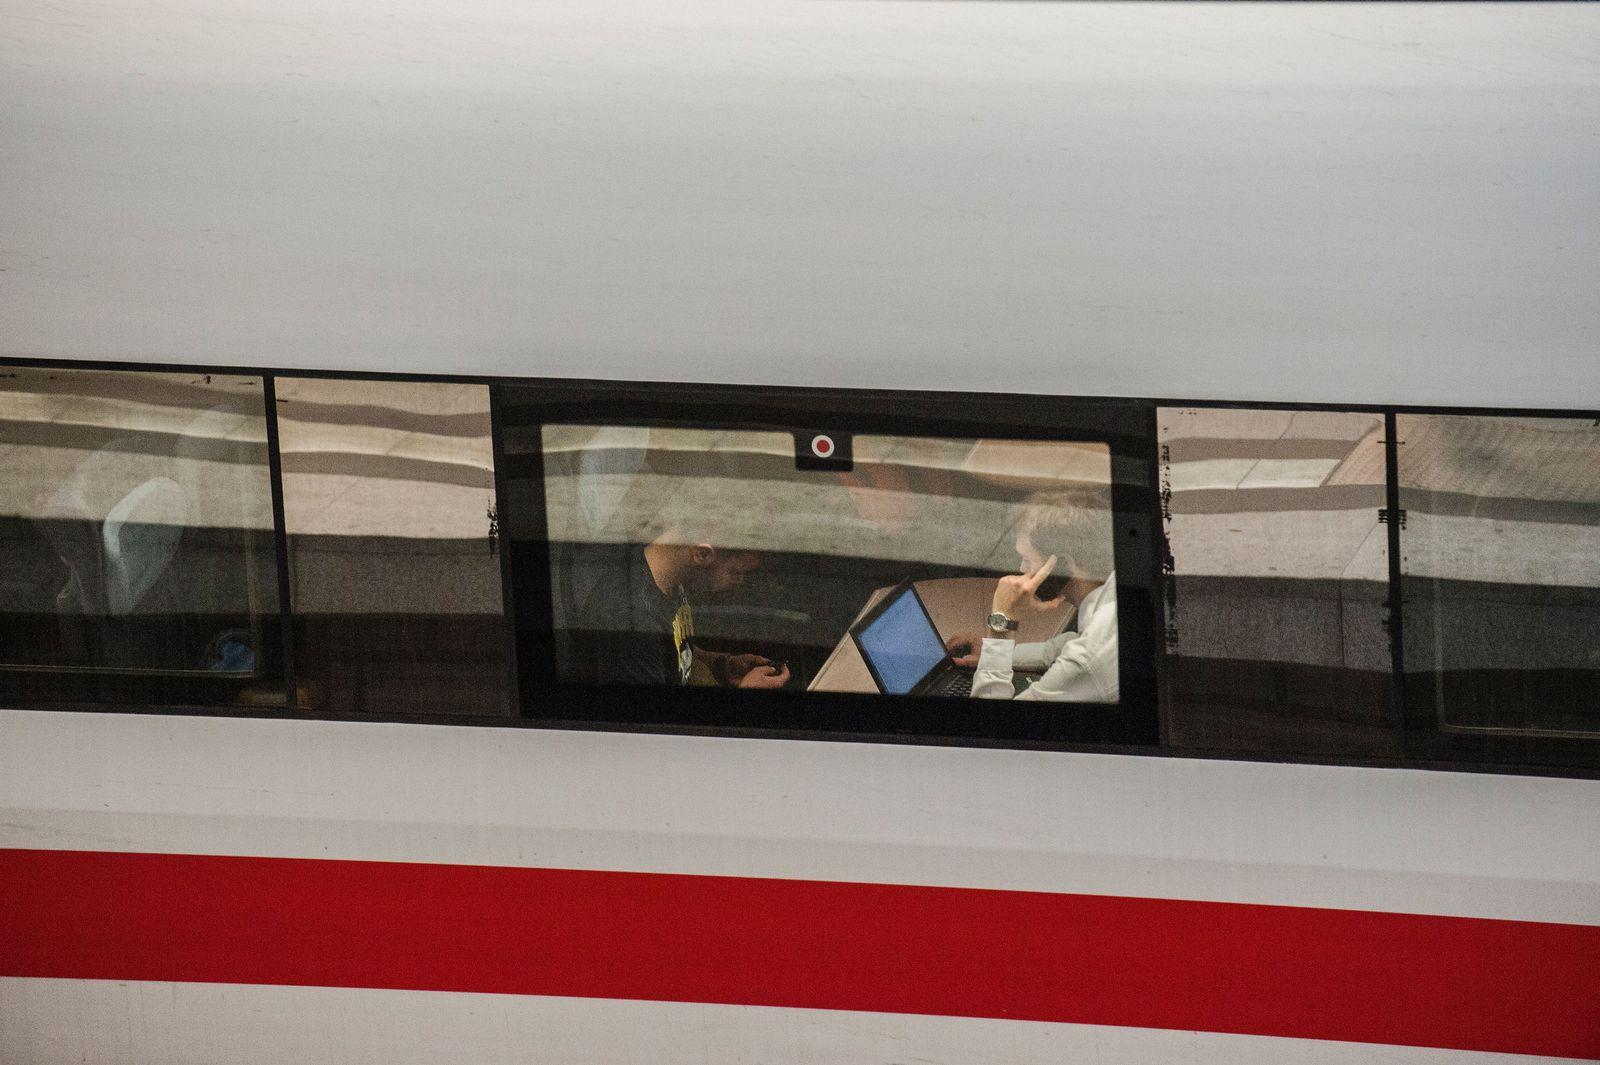 Bahn Berlin Hamburg
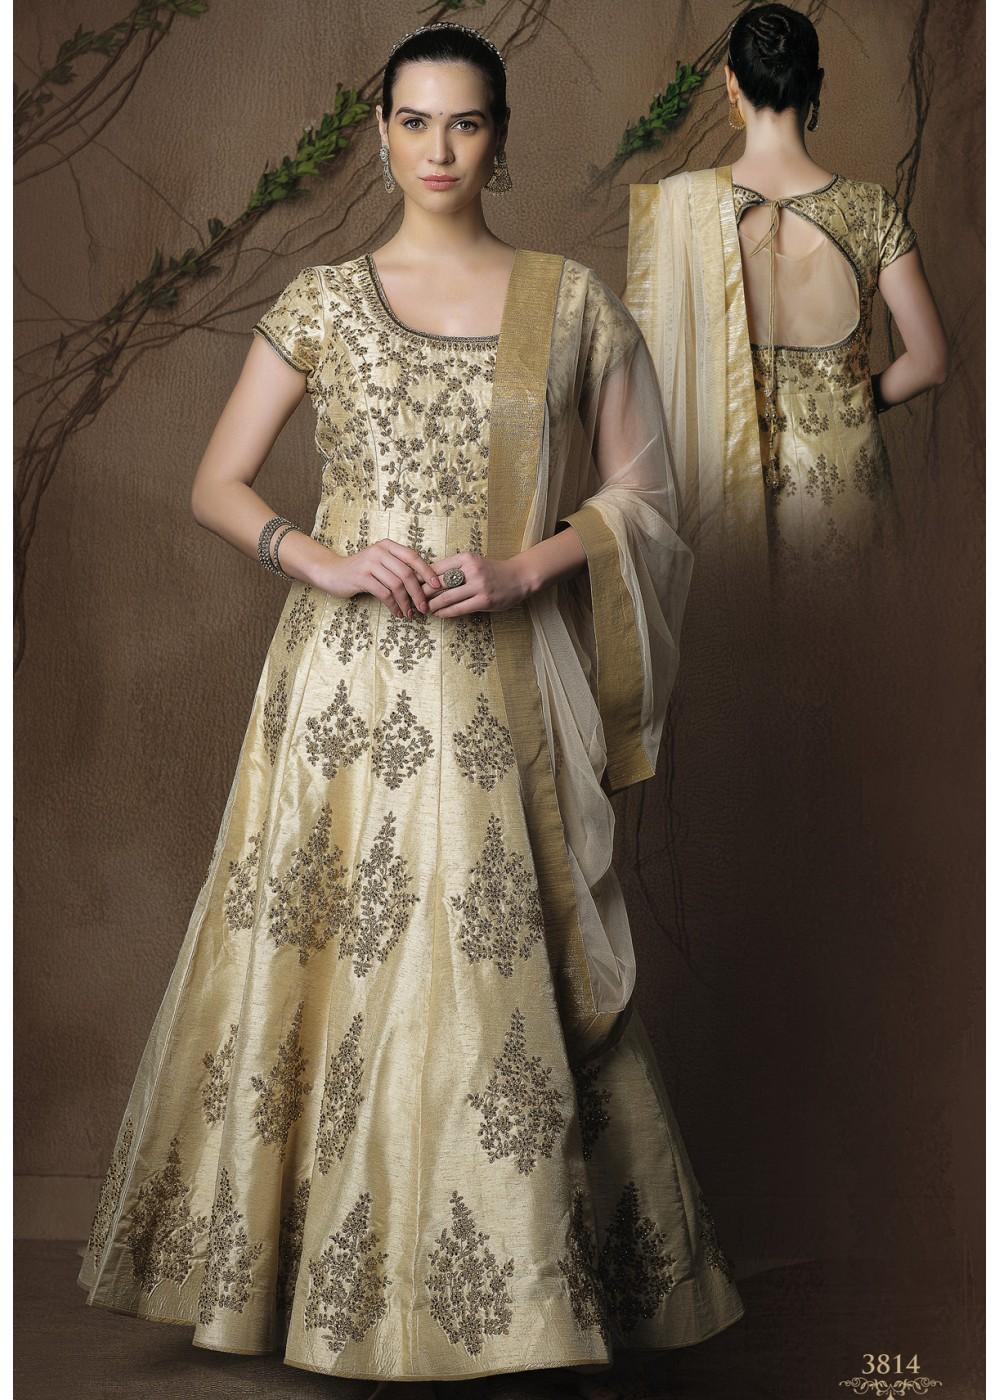 Silk Dress Designs : dress, designs, CREAM, COLOR, FABRIC, DESIGNER
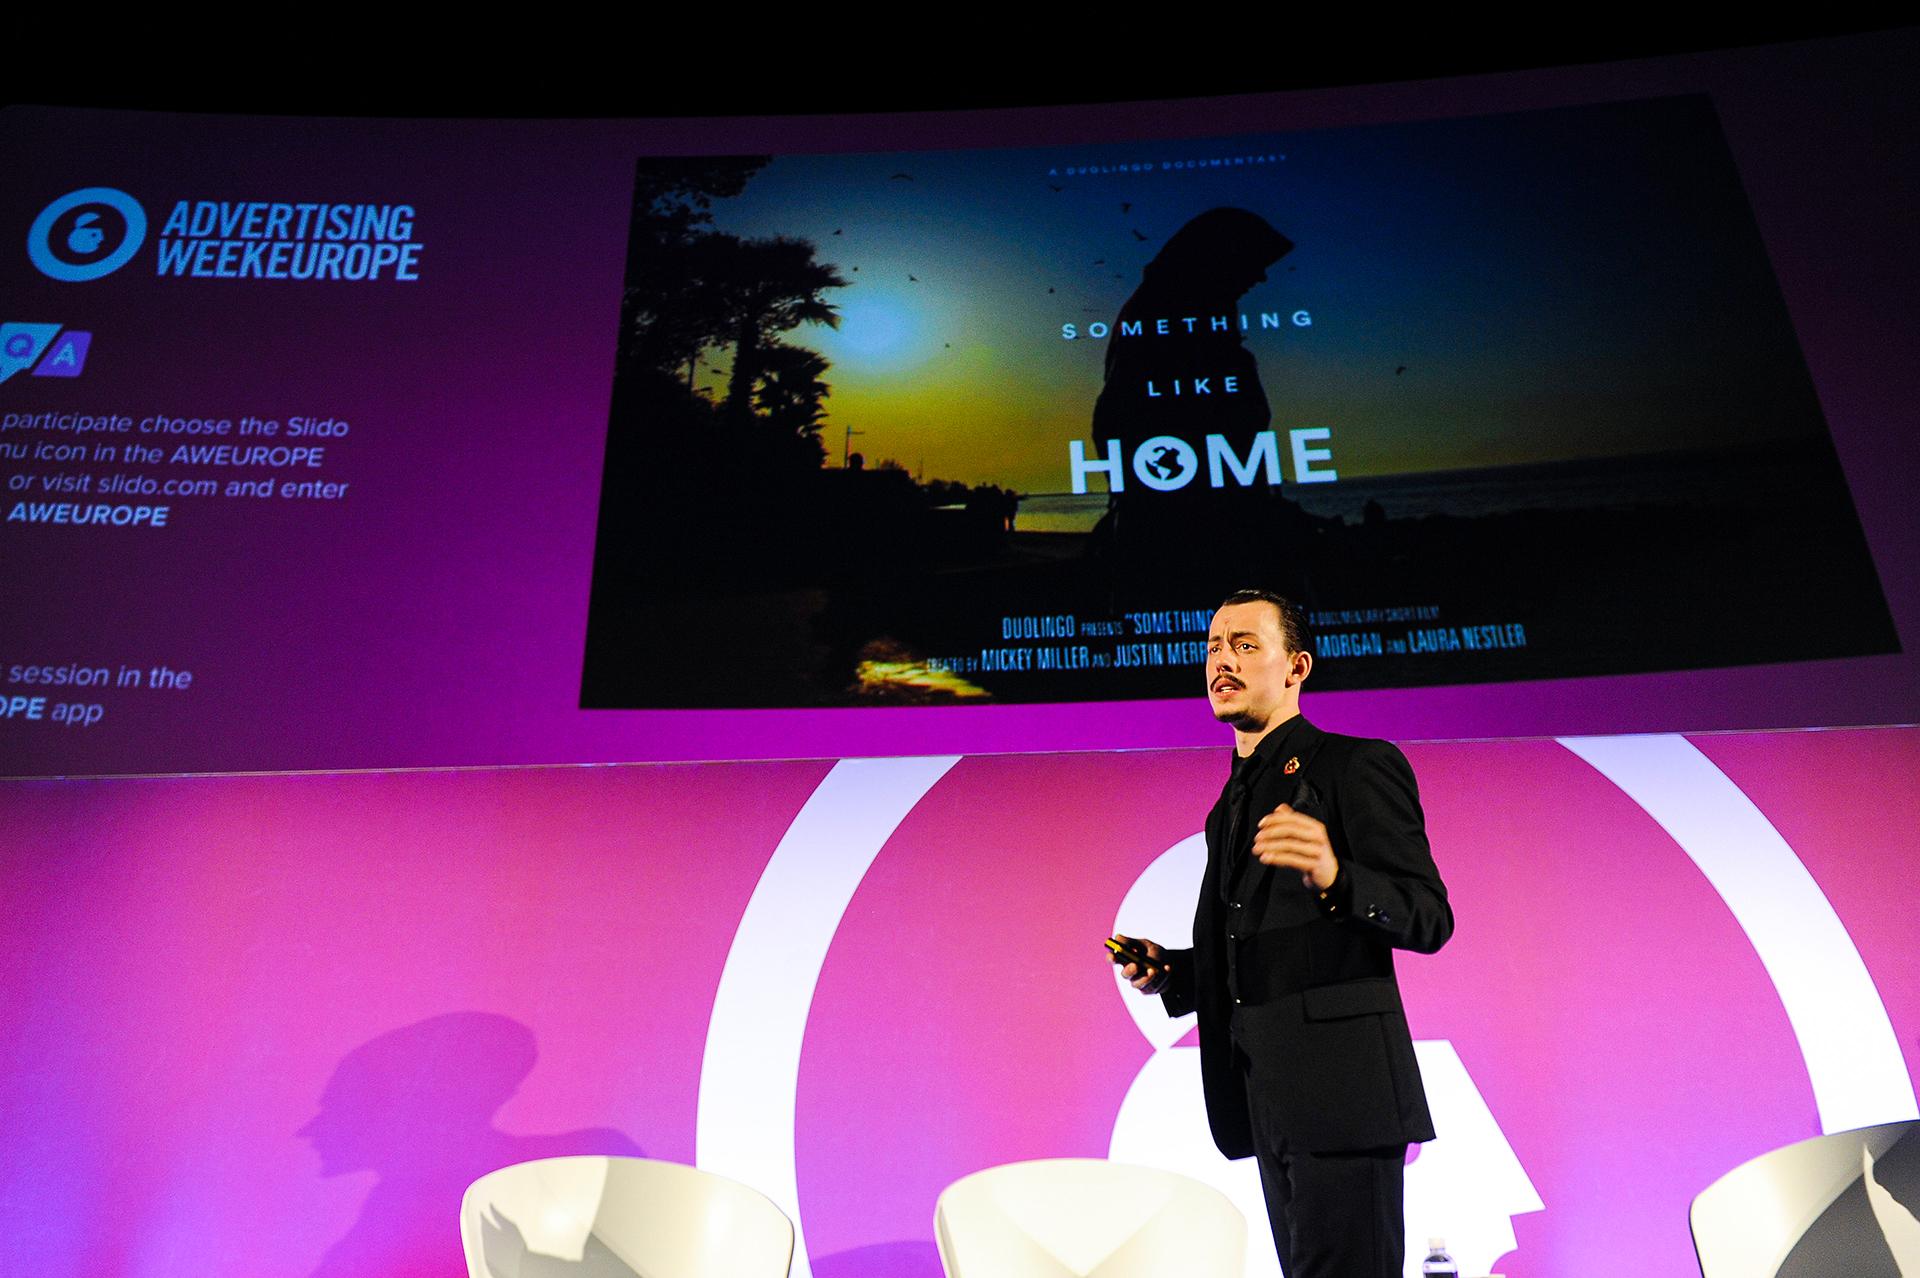 Jack Morgan speaking at Advertising Week Europe
********
[Activity]:
Faithful copy, images left out: write out every line of data.

[Task result]:
 Bahn Berlin Hamburg
 Silk Dress Designs : dress, designs, CREAM, COLOR, FABRIC, DESIGNER
 Jack Morgan speaking at Advertising Week Europe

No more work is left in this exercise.